The Evolutionary Landscape of Alternative Splicing in Vertebrate Species

Nuno L. Barbosa‐Morais(University of Lisbon), Manuel Irimia(University of Toronto), Qun Pan(University of Toronto), Hui Xiong(University of Toronto), Serge Gueroussov(University of Toronto), Leo J. Lee(University of Toronto), Valentina Slobodeniuc(University of Toronto), Claudia Kutter(University of Cambridge), Stephen Watt(University of Cambridge), Recep Çolak(University of Toronto), Tae‐Hyung Kim(University of Toronto), Christine M. Misquitta-Ali(University of Toronto), Michael D. Wilson(University of Toronto), Philip M. Kim(University of Toronto), Duncan T. Odom(University of Cambridge), Brendan J. Frey(University of Toronto), Benjamin J. Blencowe(University of Toronto)
Science
December 20, 2012
Cited by 1,137

Abstract

How species with similar repertoires of protein-coding genes differ so markedly at the phenotypic level is poorly understood.
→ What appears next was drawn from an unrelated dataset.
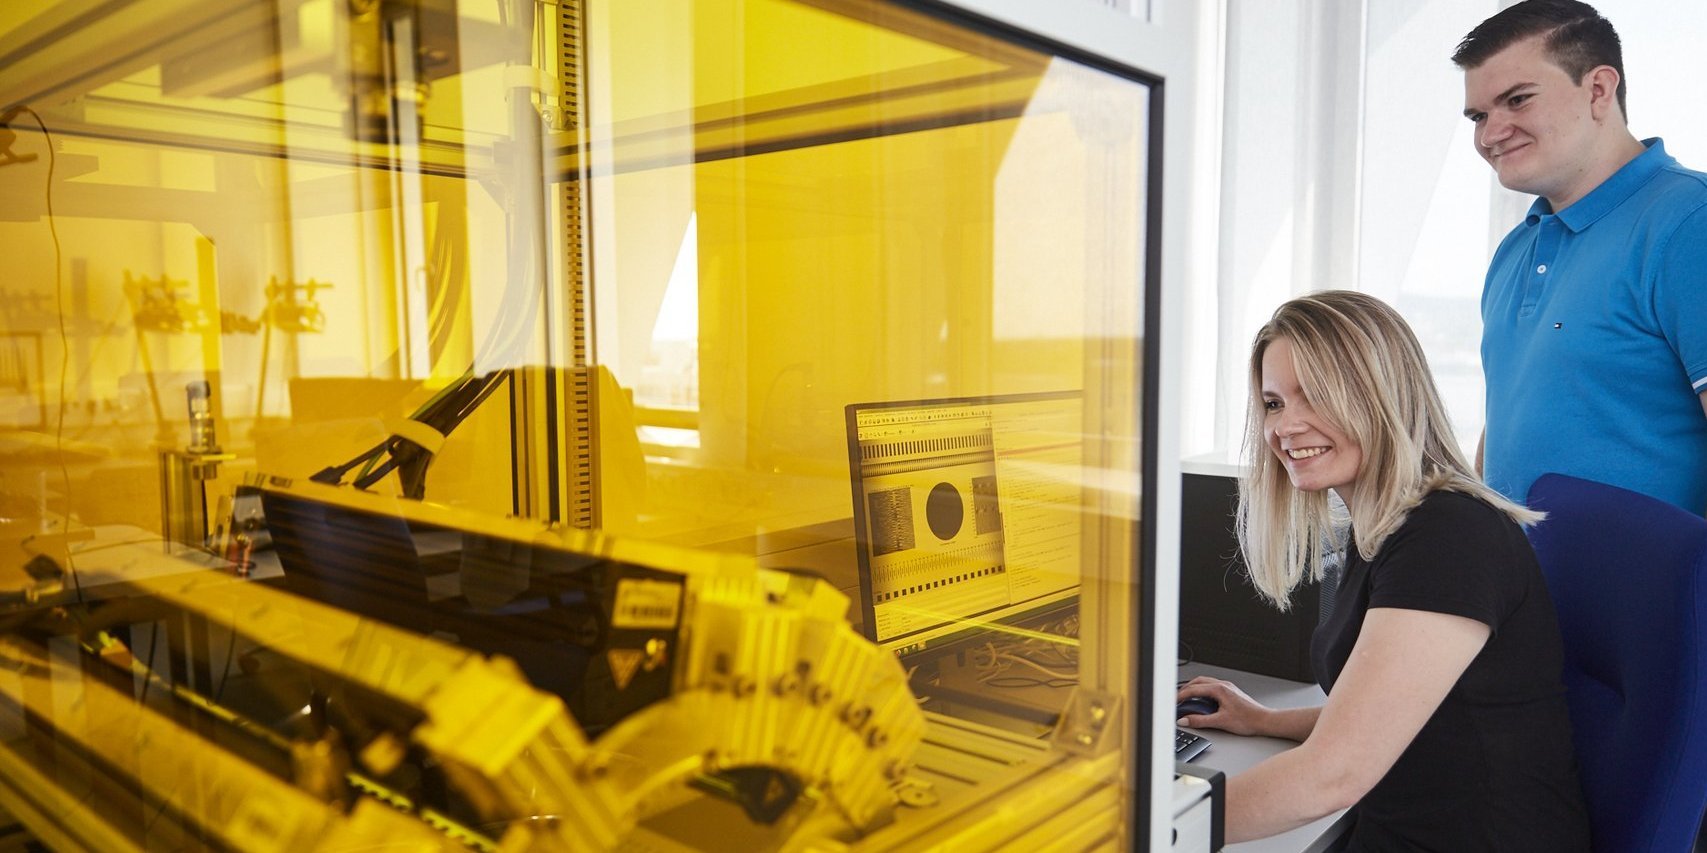 Im Vordergrund sieht man in einem Schutzgehäuse aus gelb eingefärbtem Plexiglas eine Maschine. Ein dicker Kabelstrang wird nach außem zu einem Rechner geführt. Dort sitzt eine Studentin und bedient die Mouse, während sie gemeinsam mit einem Studenten beobachtet, ob die Maschine entsprechend auf die Befehle reagiert.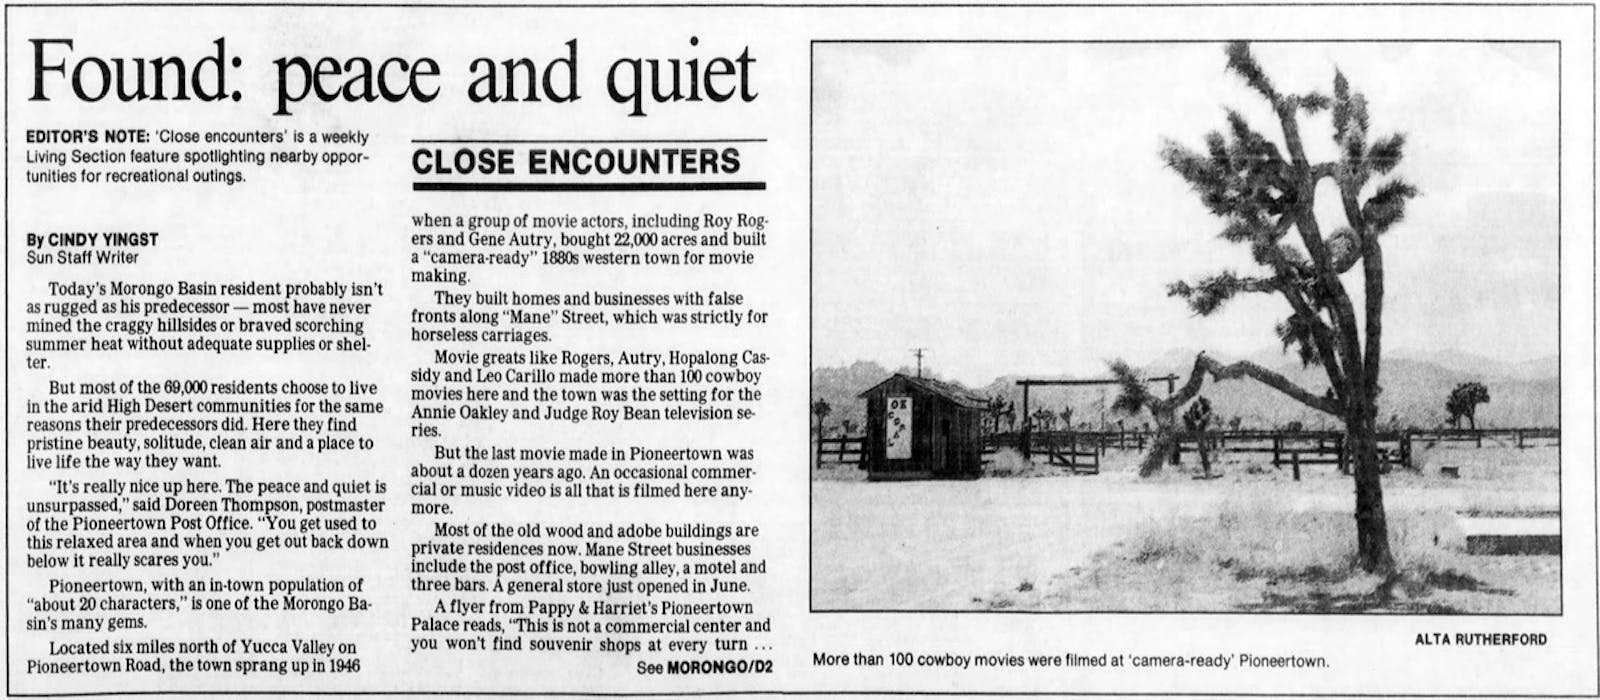 July 12, 1986 - The San Bernardino County Sun clipping

By comparing organ transcriptomes from vertebrate species spanning ~350 million years of evolution, we observed significant differences in alternative splicing complexity between vertebrate lineages, with the highest complexity in primates. Within 6 million years, the splicing profiles of physiologically equivalent organs diverged such that they are more strongly related to the identity of a species than they are to organ type. Most vertebrate species-specific splicing patterns are cis-directed. However, a subset of pronounced splicing changes are predicted to remodel protein interactions involving trans-acting regulators. These events likely further contributed to the diversification of splicing and other transcriptomic changes that underlie phenotypic differences among vertebrate species.